▶ [DATASET EXCERPTS]:
——

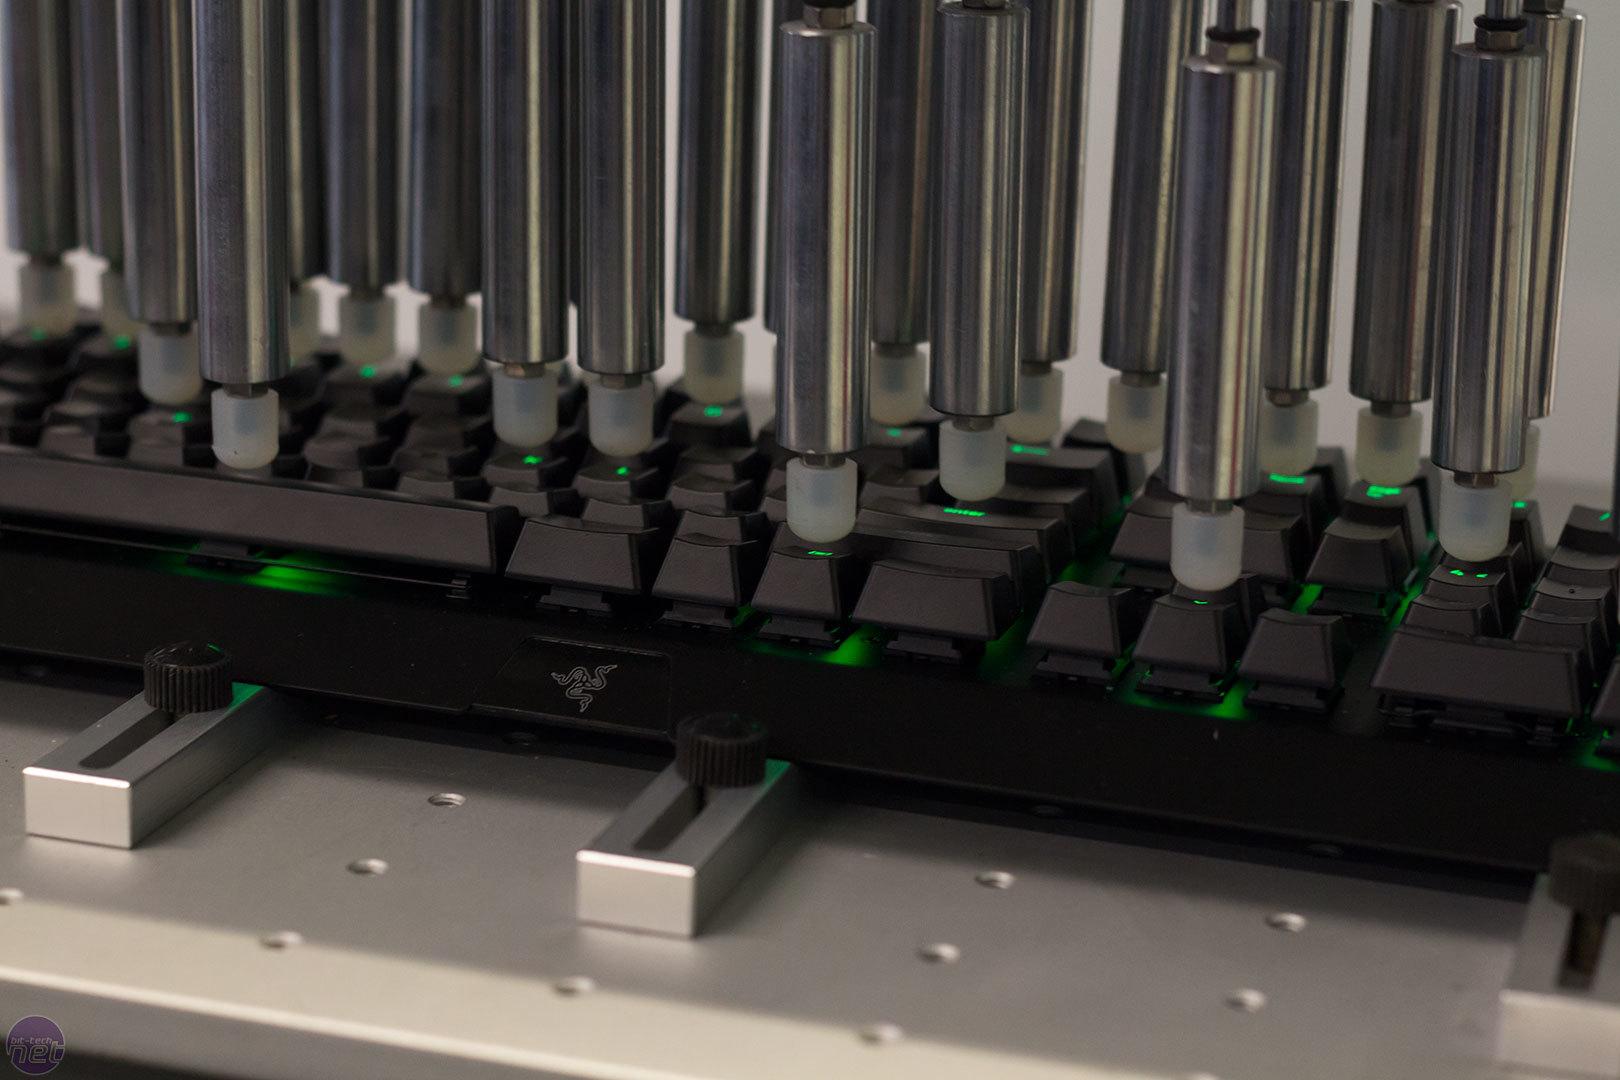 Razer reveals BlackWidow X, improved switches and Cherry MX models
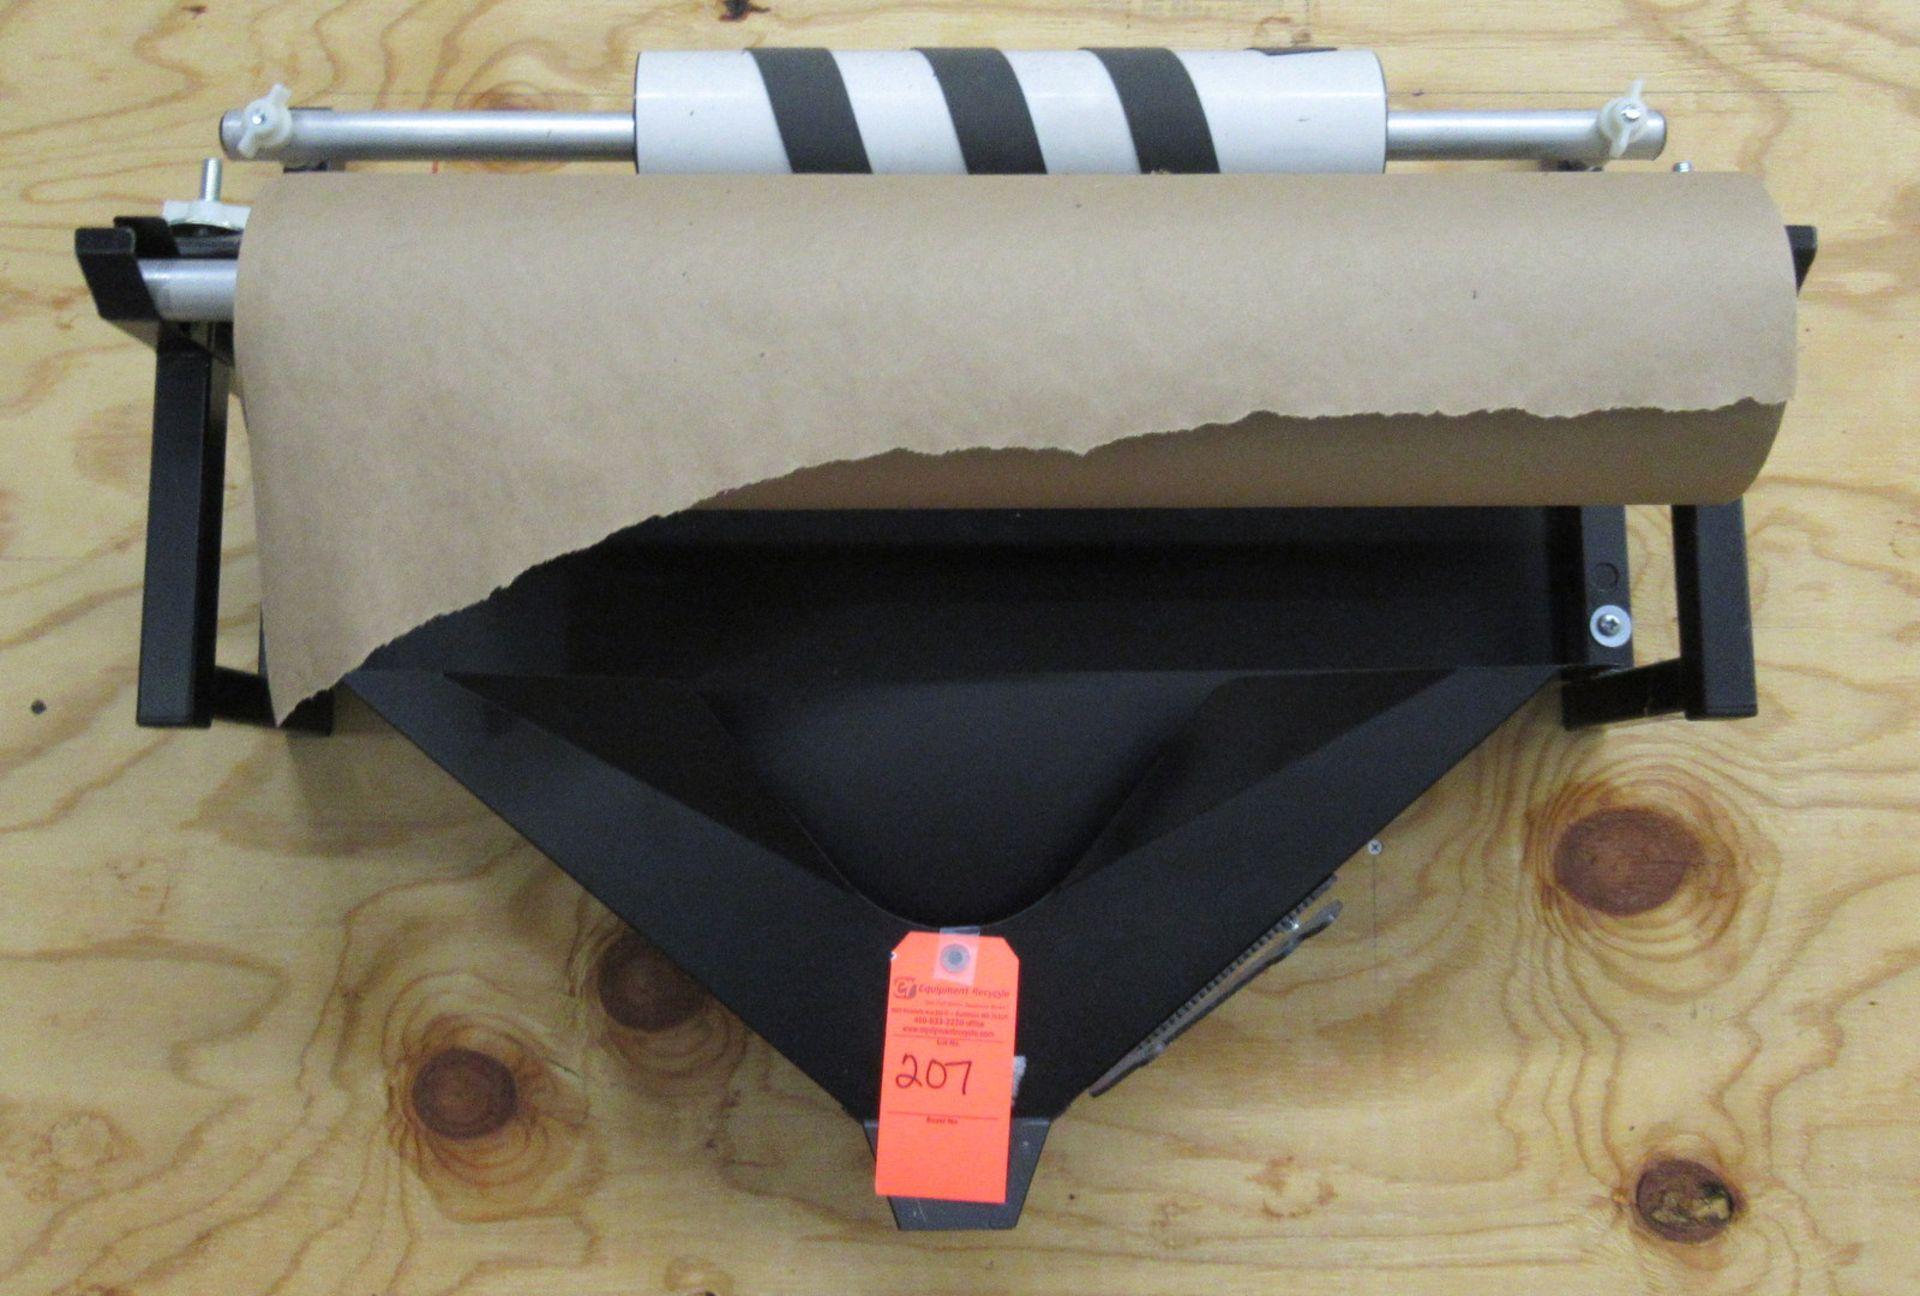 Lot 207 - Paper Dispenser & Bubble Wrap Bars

——

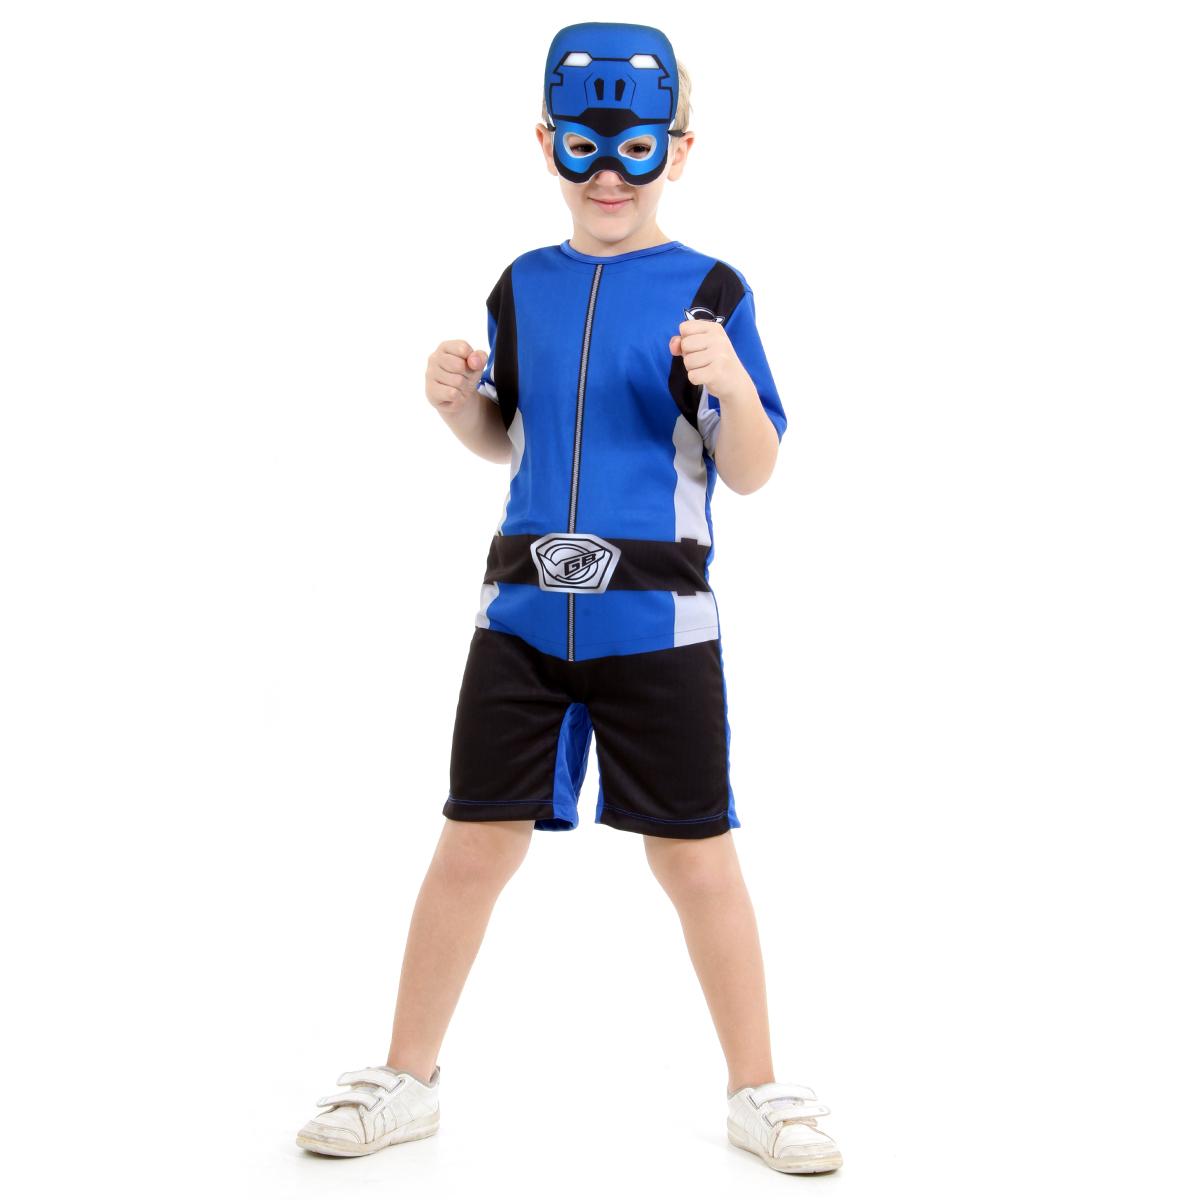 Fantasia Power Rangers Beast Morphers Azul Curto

——

▶ [EXERCISE OBJECTIVE]: Once the line with "Razer reveals BlackWidow" has been found above, output that line and every later line exactly, stopping after the line with "Lot 207 - Paper Dispenser & Bubble Wrap Bars", and omit the pictures.

▶ [WRITTEN SOLUTION]:
 Razer reveals BlackWidow X, improved switches and Cherry MX models
 Lot 207 - Paper Dispenser & Bubble Wrap Bars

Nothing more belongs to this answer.